昭和50年代後半、各都道府県に医大が設置され、新聞各紙は将来医師過剰時代が到来すると記事を書き、医学部離れの傾向が出ました。私もこの噂に随分迷わされましたが、心の支えになったのは同級生の原君でした。彼は柔道部、稽古帰りにちんば坂を下りながら将来医師になりたいことを話し励ましあっていましたが、消化管にできた肉腫で闘病生活を大学病院で送り、病床で卒業を迎えました。現役で医学部に落ちた報告に行った際、原君から自分の分も頑張って欲しい、自分は外科医になりたかったと言われたのを覚えています。現在、長崎市内の救急病院で脳外科医として勤務している私にとって原君との約束は今でも忘れることは出来ません。
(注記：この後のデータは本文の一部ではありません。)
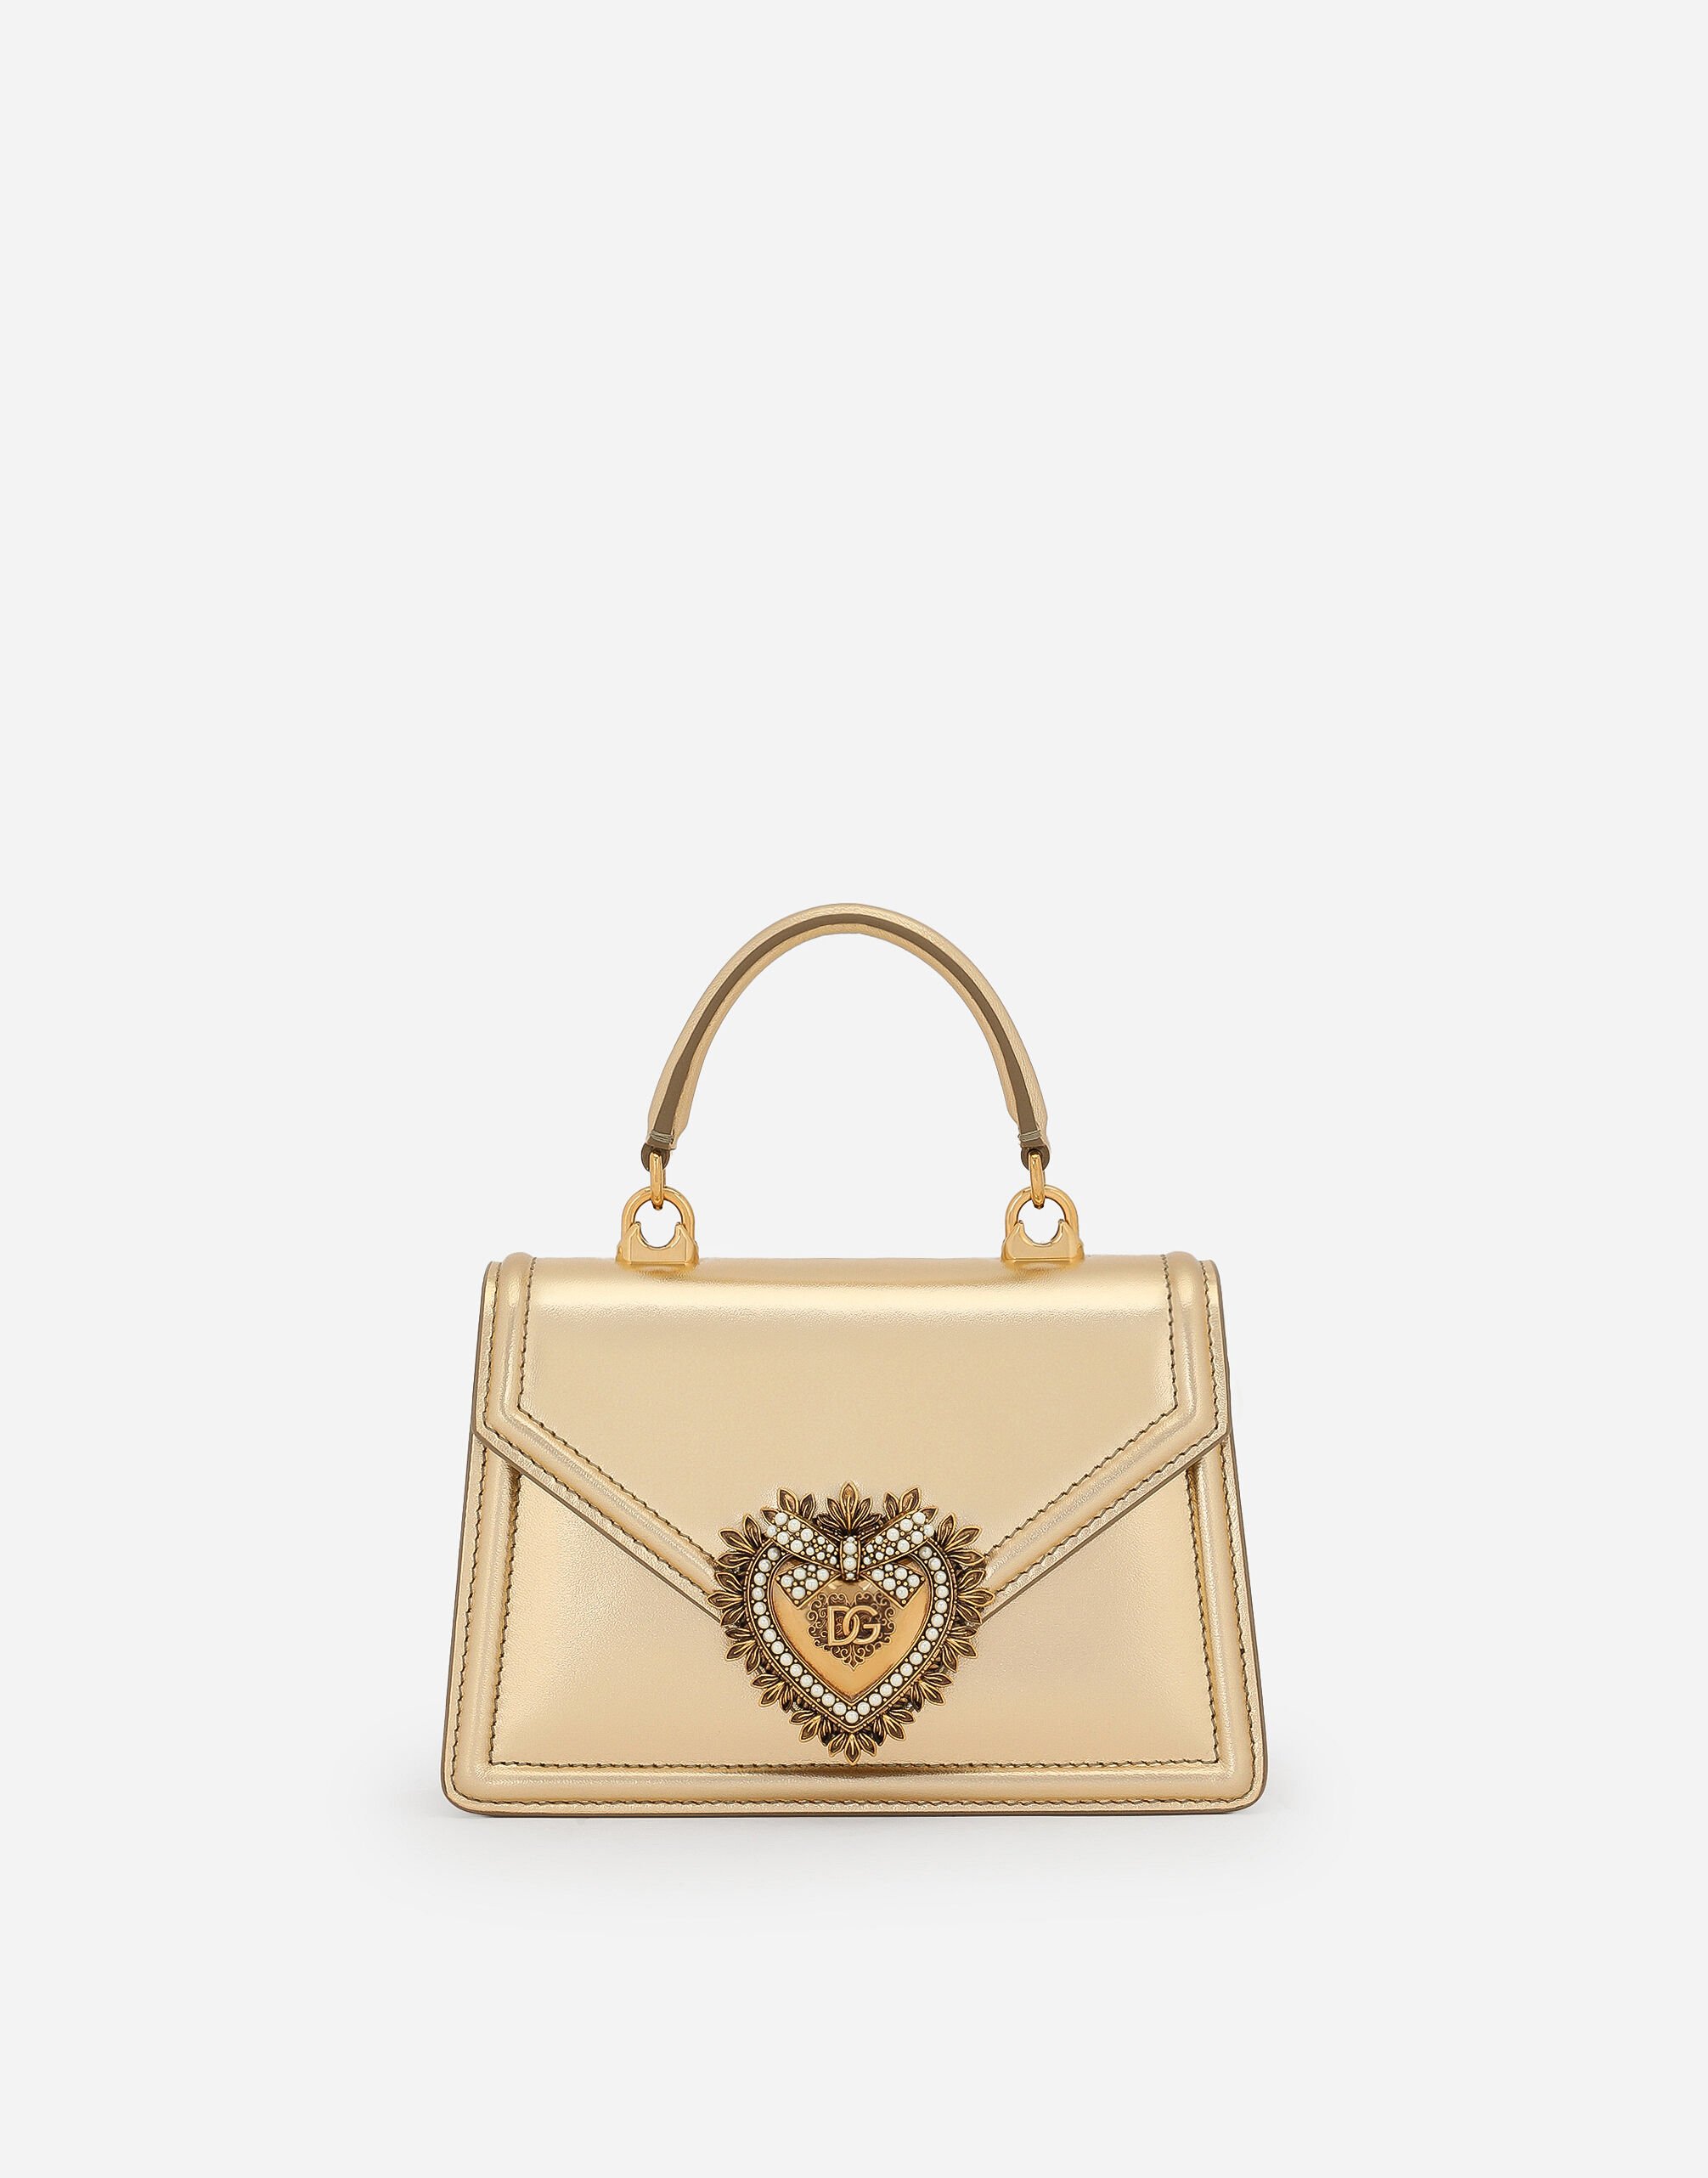 Dolce & Gabbana Small Devotion bag in nappa mordore leather Gold BB7287AY828
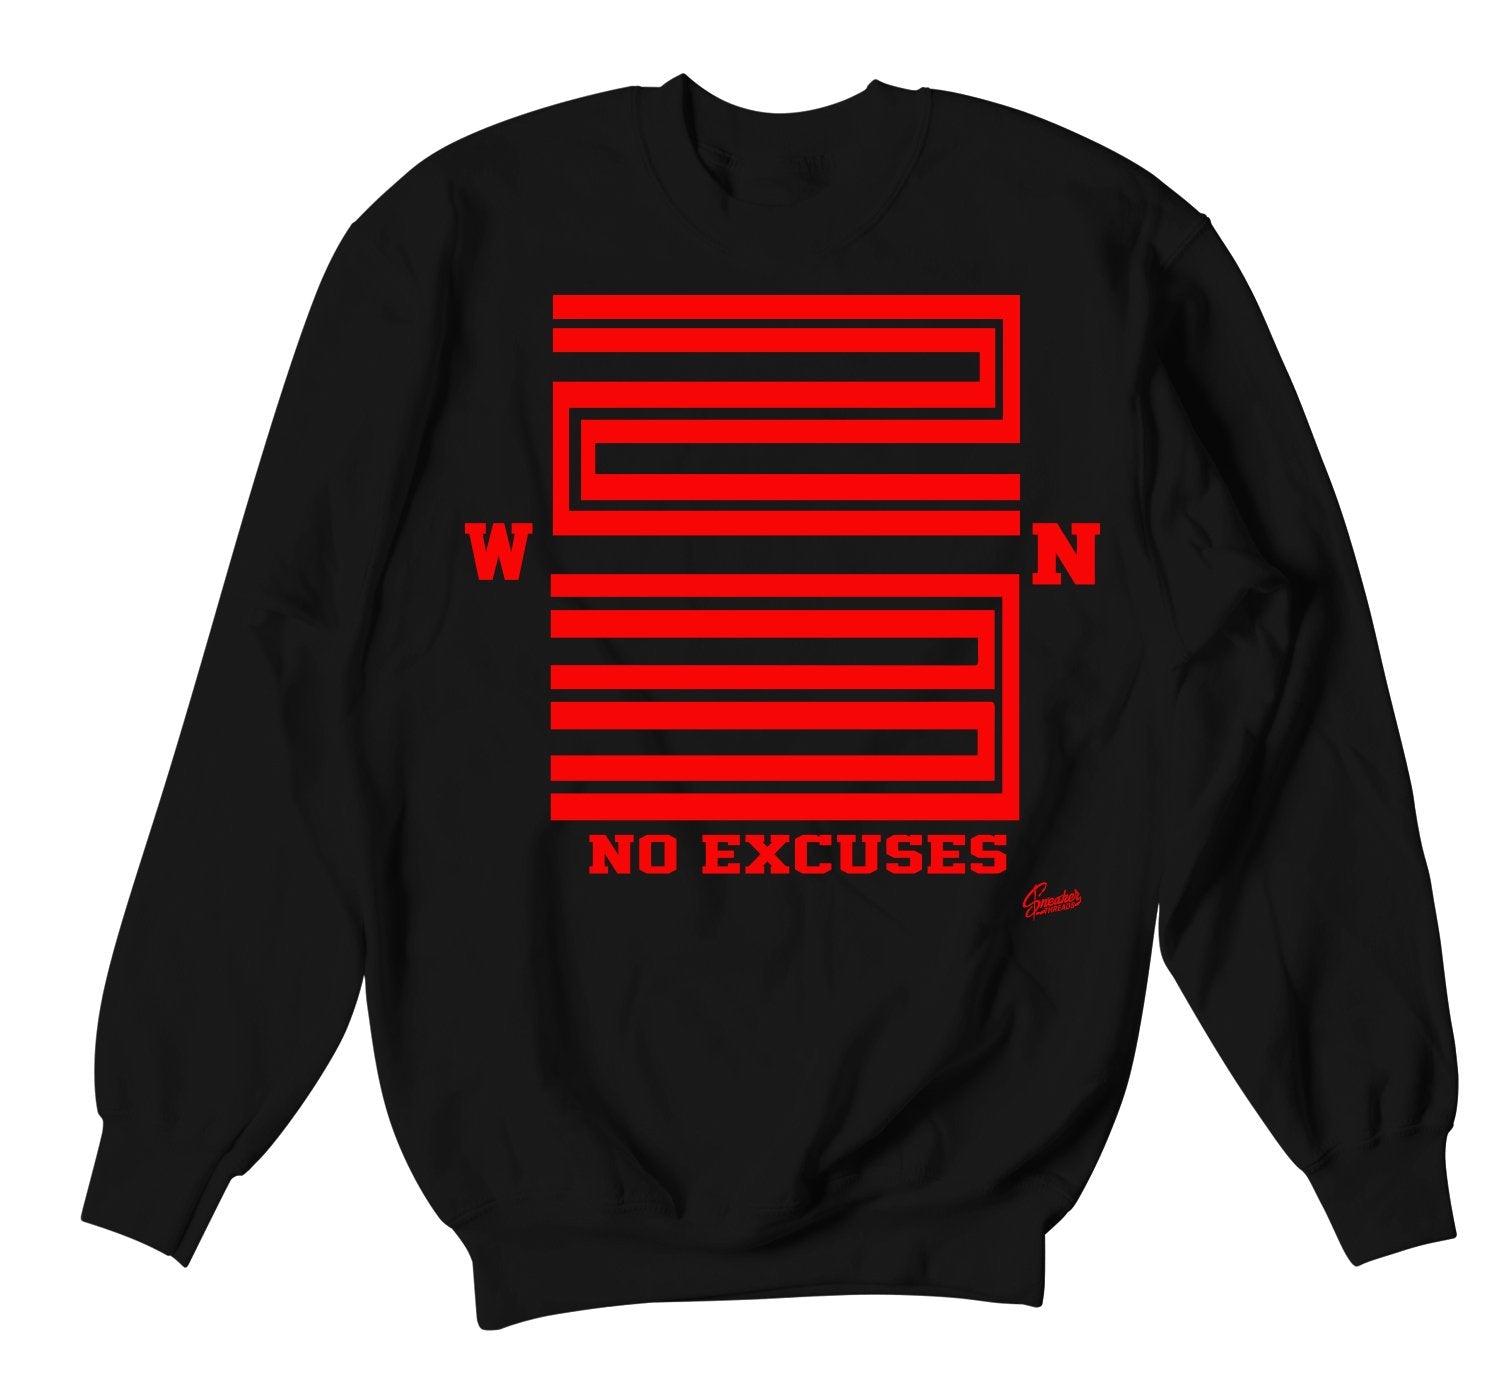 Freshest Sweater to match Jordan 11 Bred Release

今年8月に18回生は30周年記念同窓会を開催するにあたり幹事会が先月ありました。高校時代11クラスあれば一言も話をしたことがなかったのに同窓会になると気軽に話が出来るから不思議です。懇親会で大水害の話題にはどうしても触れてしまいますが、各人が卒後のことを語り始めました。大学卒後、転々と職を変えて今は事務所を構えている人。卒後、愛知で水害に遭い、長崎に戻り専門学校の事務長をしている人。高校時代の活動からはとても想像できなかったのに今では議員活動をしている2人。北高にSECOMが入るきっかけを作った人も今では立派な社会人。根っからのバイク好きで今は単身赴任、中国でバイクを製造している人。某企業で兵器を作っている人。介護保険がスタート時ケアマネージャーへ転職した人。世界一周旅行後に父の会社を継ぐ為に長崎に戻ってきた人。転勤が多い銀行員、単身赴任で支店長。同級生のその後を聞いて、元気を貰いました。

マスコミの未来予想図ほどいい加減なものはありません。大水害や震災で方向性が変わることだってあるでしょう。要は自分が将来何をしたいか目標を決めて一途に努力するしかないんでしょうね。高校時代は想像すら出来なかった世界に30年後はいるかもしれませんが。18回生から現役北高生にエールを送ります。

18回生 鬼塚正成

 

2014年5月29日 (木)

アルコール依存症ではなく使用障害へ

アルコール依存症がアルコール使用障害へ、これは何か違和感を感じますが慣れないといけません。精神分裂病が統合失調症に変更されたように決まったことはそれとして今日からカルテ記載時に気を付けます。

 ■変わる主な病名や用語の一覧(日本精神神経学会による)

アルコール依存症         → アルコール使用障害

性同一性障害           → 性別違和

神経性無食欲症(拒食症)     → 神経性やせ症

解離性同一性障害(多重人格)   → 解離性同一症

注意欠如・多動性障害(ADHD) → 注意欠如・多動症

アスペルガー症候群、自閉症    → 自閉スペクトラム症

言語障害             → 言語症

 ■新しい病気

・カフェイン使用障害

・インターネットゲーム障害

心の病の名称や用語について、日本精神神経学会が新しい指針を作り、28日公表した。「アルコール依存症」を「アルコール使用障害」などに変更した。学会は今後、全国の診療現場で使うように呼びかける。

 国内でも広く使われている、米国精神医学会の診断手引「DSM―5」が昨年5月に改訂された。様々な訳語が出て混乱しないように、関連学会が共同で名称を検討した。

 「性同一性障害」は本人が実感として感じる「性別違和」。「神経性無食欲症」は食欲がないわけではなく、やせたいという願望があるので、「神経性やせ症」に変えた。子どもの時期に多い病気を中心に、「障害」という言葉を使うのを減らした。(桜井林太郎)

朝日新聞  2014年5月29日(木) 配信

2014年1月20日 (月)

脳外科でよく使う内服薬

当院採用の内服薬で脳外科でよく処方するを看護師さん向けに40分間で講義した1/15/2014分を総務の宮崎さんがyoutubeにアップしてくれました。ありがとうございます。当日勤務、都合で聴けなかった看護師さんの役に立ってくれたら幸いです。